Date and time
Friday 18 Oct 2019 9.30am - 12.30pm
Part of the Digital Research in Action workshop series.
With reference to critical and analytical thinking for postcolonial Digital Humanities, we will engage with poetry by “Third World” poets such as Chinua Achebe, Derek Walcott, and Meena Alexander. This workshop will draw on the works of these poets to explore how data visualisation applications can enrich and deepen our analyses of literary texts. Through collectively meditating on how we can deterritorialise the hegemony of Euocentric and Northern Hemisphere-centric knowledge production and archives in the Digital Humanities, participants will be guided in designing minimal computing exercises to expand the horizons of learning and teaching in relation to postcolonial texts. The workshop will define and explore the nascent field of postcolonial Digital Humanities so that participants have a theoretical lens through which we can approach the texts and tools.

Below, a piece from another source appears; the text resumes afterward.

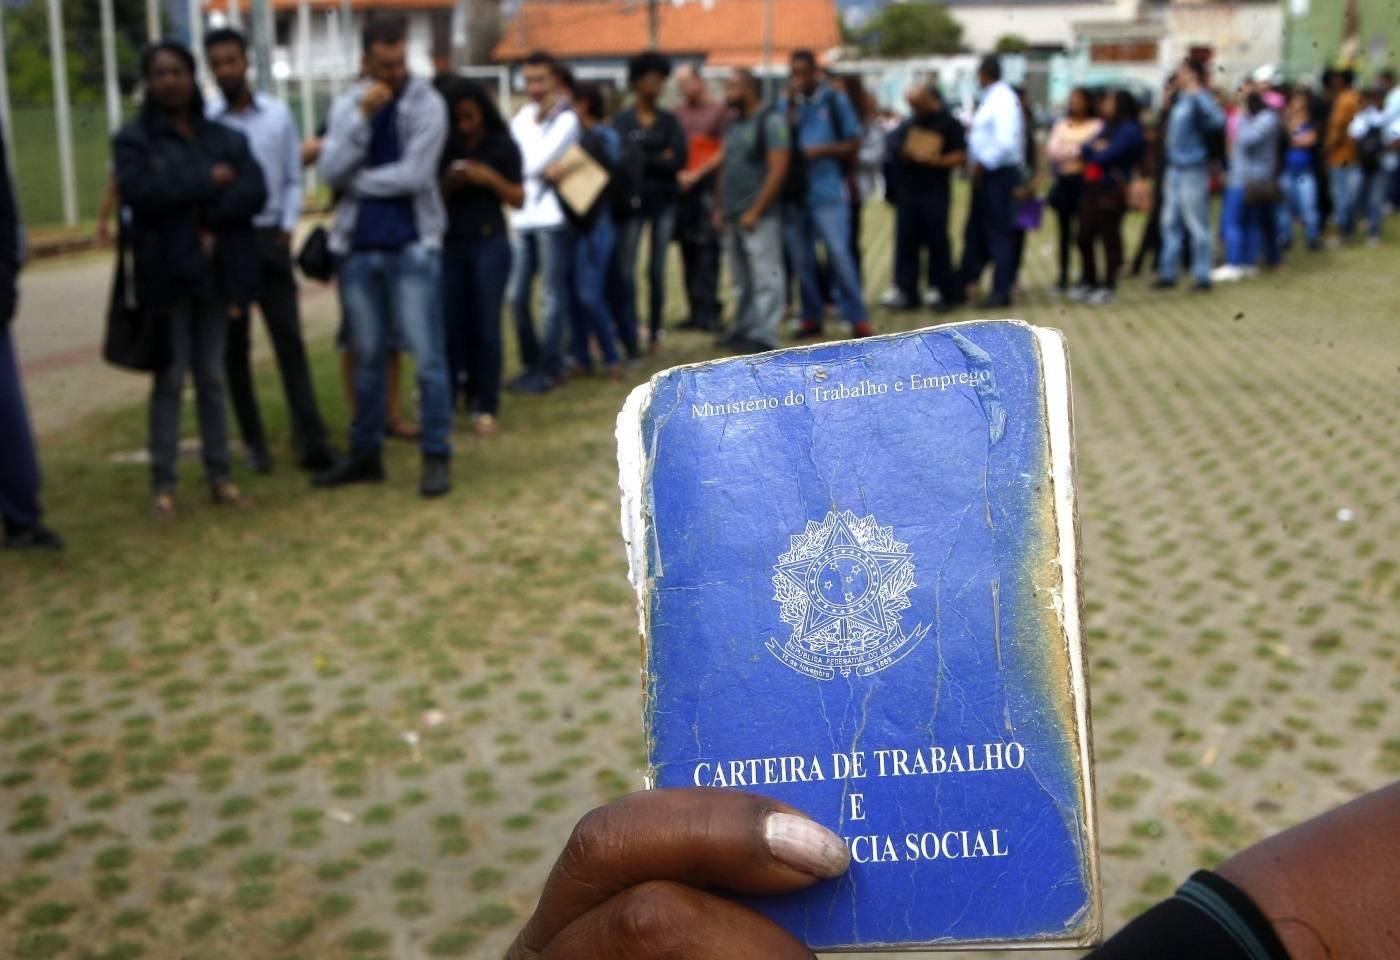 Desemprego é o maior em 7 anos em 13 capitais do país, diz IBGE

Participants will also be invited to bring to the session a digital poem that, for them, speaks to the meaning of “postcolonial”. The workshop will engage with Voyant, word cloud generators, and mapping platforms (if time permits) that empower us to visualise how and where these postcolonial poems “take place” in the digital milieu, in order to consider how perceptions of Digital Humanities and the Global South have shifted. Our focus will be on strategies of minimal computing with respect to countries and communities that have limited resources, infrastructure, and those demographies that have been historically marginalised by what scholar Melissa Terras calls “Big Tent DH”.

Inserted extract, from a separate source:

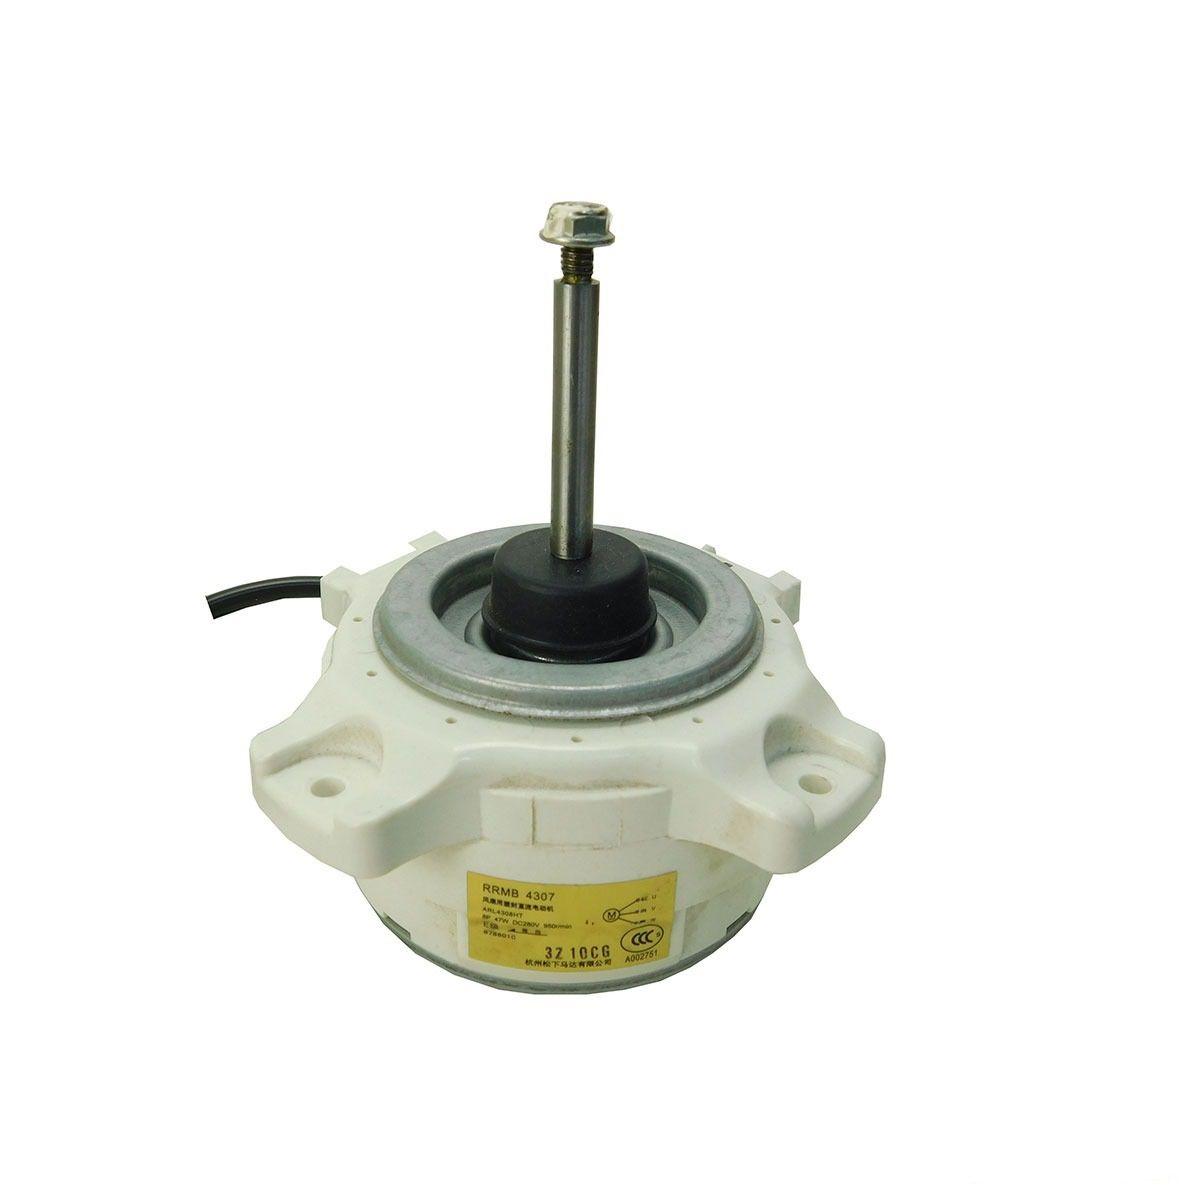 Motor Ventilador Condensadora Hitachi 9.000 até 22.000 Btus RRMB4307

This introductory workshop requires no previous knowledge of sophisticated computer applications or coding languages, just a working knowledge of internet browsers.
Dr Rahul K. Gairola
Dr Rahul K. Gairola is The Krishna Somers Lecturer in English and Postcolonial Literature and a Fellow of the Asia Research Centre at Murdoch University, Western Australia. He is the author of Homelandings: Postcolonial Diasporas and Transatlantic Belonging (London and New York: Rowman and Littlefield International, 2016), co-editor o Revisiting India’s Partition: New Essays in Memory, Culture, and Politics (Hyderabad, India: Orient Blackswan, 2016/ Lanham, USA: Lexington Books), and has widely published in peer-reviewed journals and books. He is also an Article Editor for Postcolonial Text, and serves on the Executive Committees of the Australasian Association of Digital Humanities (aaDH), Global Outlook Digital Humanities (GO::DH), the Digital Humanities Alliance of India (DHAI), and the international ADHO 2020-Ottawa convention. He is currently working on two books with Routledge on South Asian diasporas. Since May 2019, he has been the HASS DEVL Champion for Western Australia.
Image: Map of the world re-sized based on the home countries of people who have won the Nobel Prize for Literature. Source: WorldMapper.